◆ Your objective: Please output every line of the material as it stands, without the pictures.

◆ Recorded data:

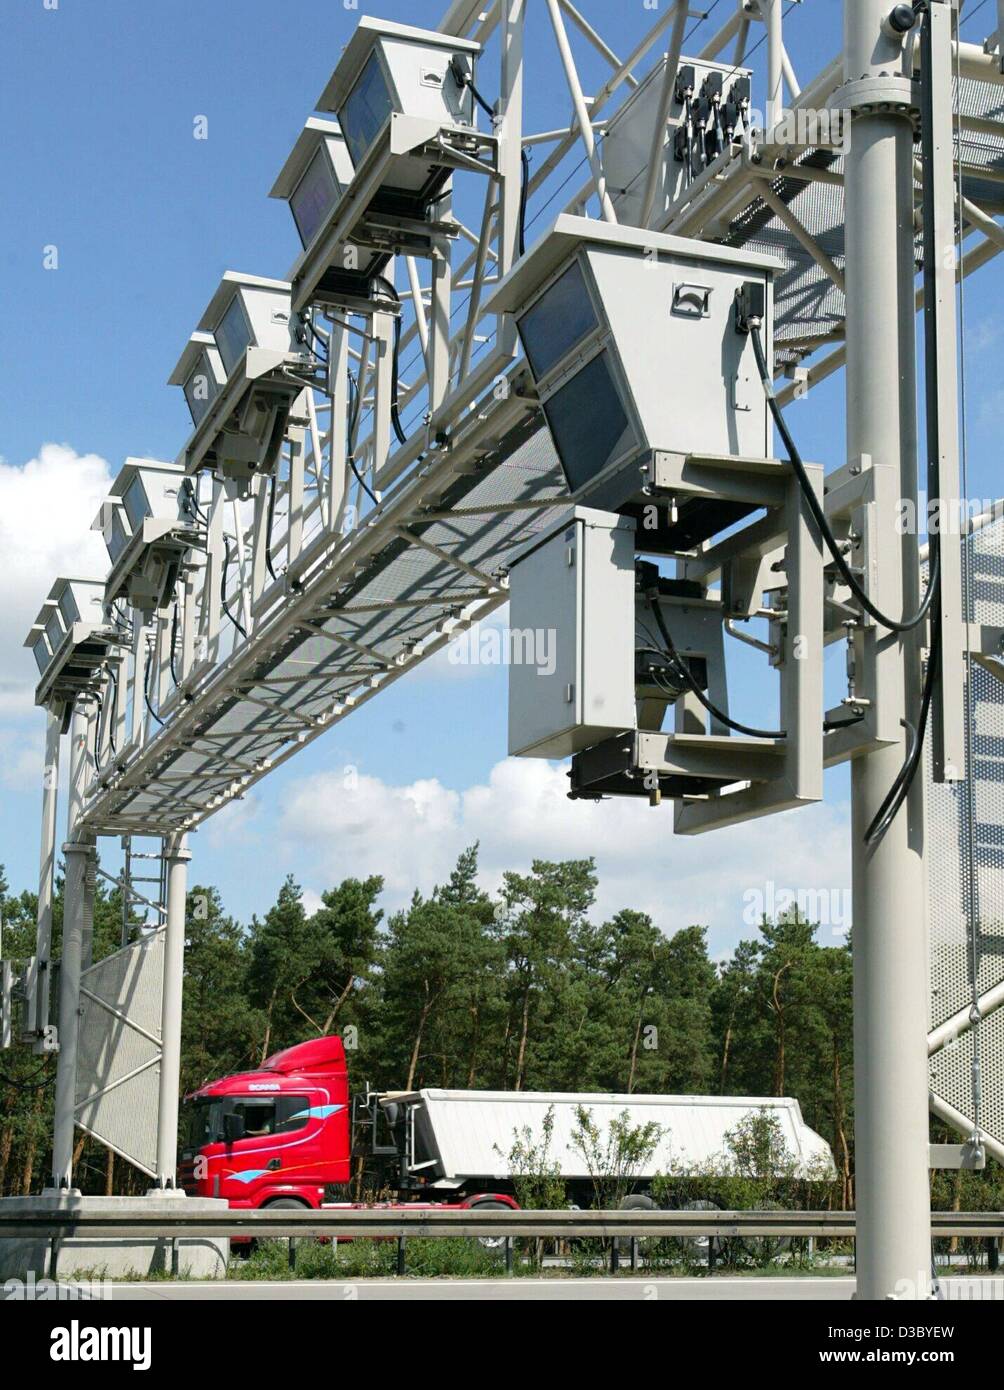 (Afp) - un camion passe sous un pont à péage sur l'autoroute A2 près de Lostau, Allemagne, 28 juillet 2003. À partir du 1er septembre 2003, les conducteurs de poids lourds en Allemagne auront à payer un péage en moyenne de 12,4 cents. Le prélèvement des péages seront automatiquement enregistrées par les dispositifs électroniques ins Banque D'Images
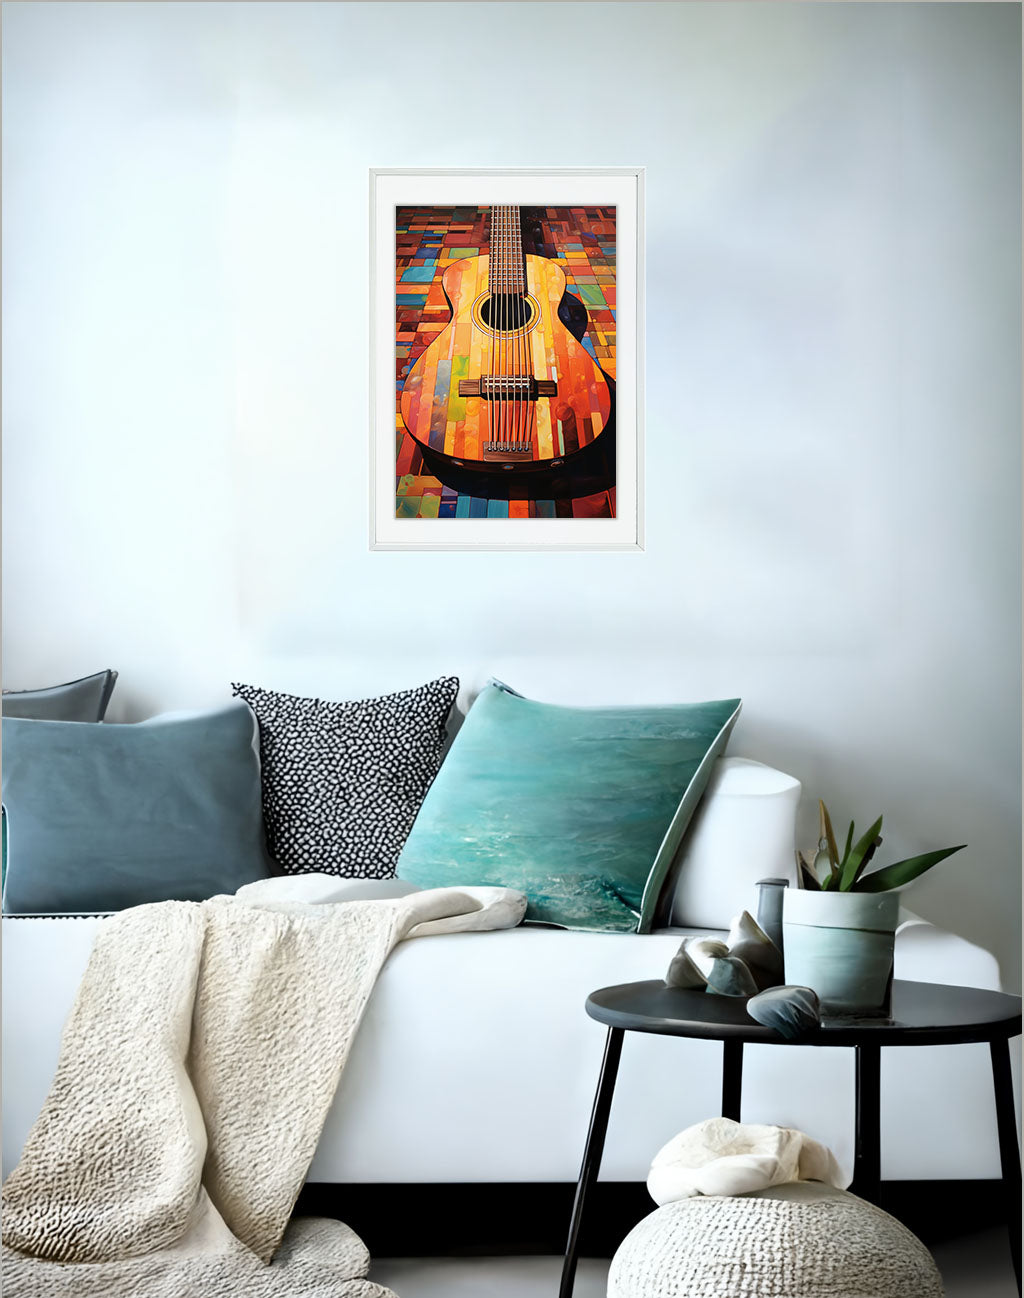 ギターのアートポスター:guitar_f37a / 音楽・芸術__のポスター画像ソファ近くに設置したイメージ
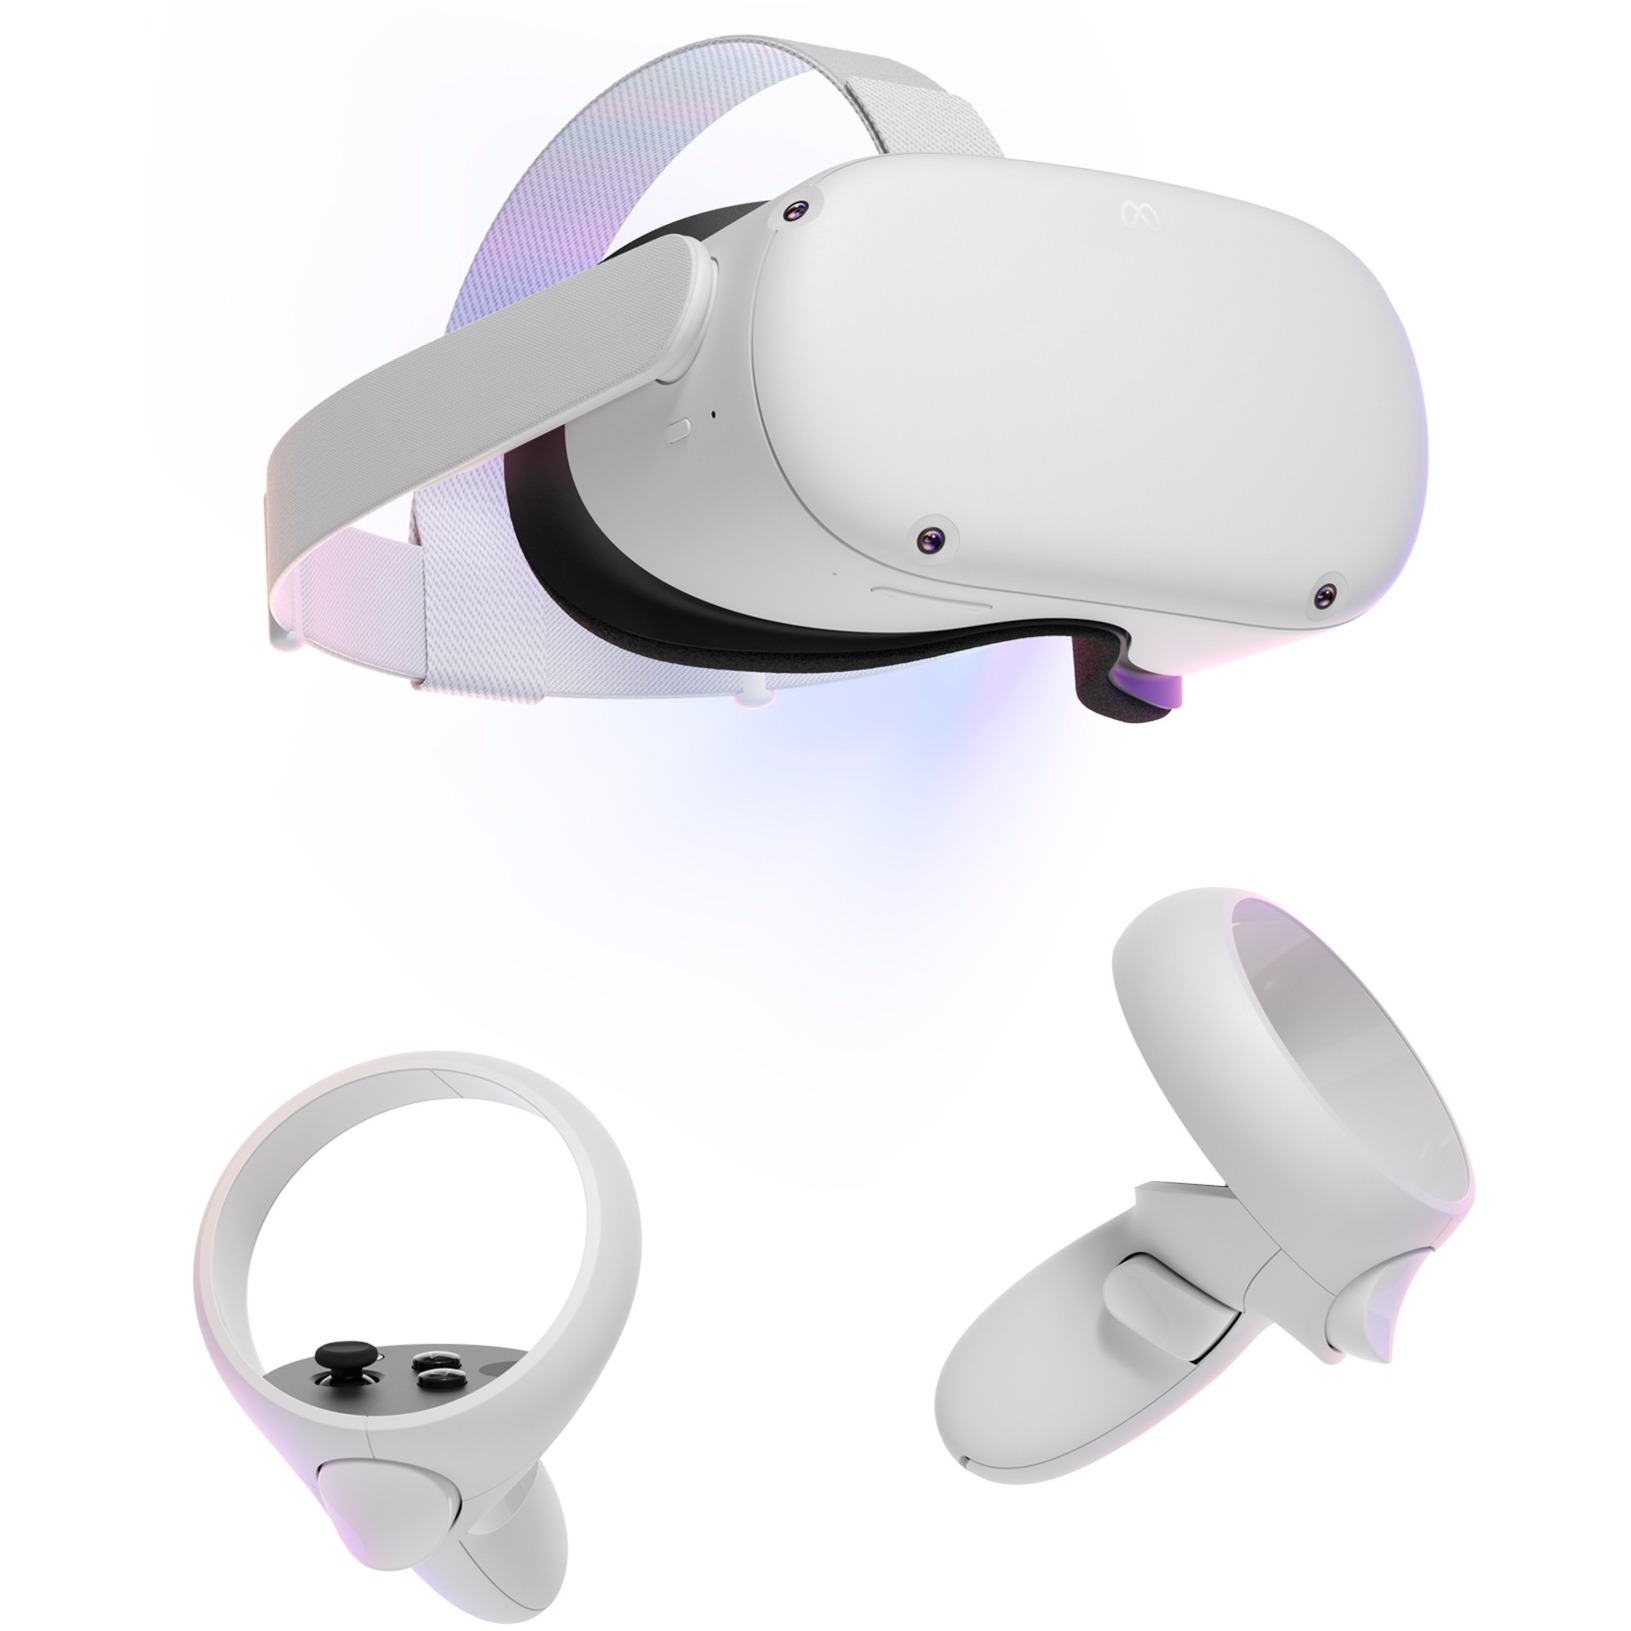 Image of Alternate - Quest 2 256GB, VR-Brille online einkaufen bei Alternate

◆ Reply to the exercise:
 (Afp) - un camion passe sous un pont à péage sur l'autoroute A2 près de Lostau, Allemagne, 28 juillet 2003. À partir du 1er septembre 2003, les conducteurs de poids lourds en Allemagne auront à payer un péage en moyenne de 12,4 cents. Le prélèvement des péages seront automatiquement enregistrées par les dispositifs électroniques ins Banque D'Images
 ギターのアートポスター:guitar_f37a / 音楽・芸術__のポスター画像ソファ近くに設置したイメージ
 Image of Alternate - Quest 2 256GB, VR-Brille online einkaufen bei Alternate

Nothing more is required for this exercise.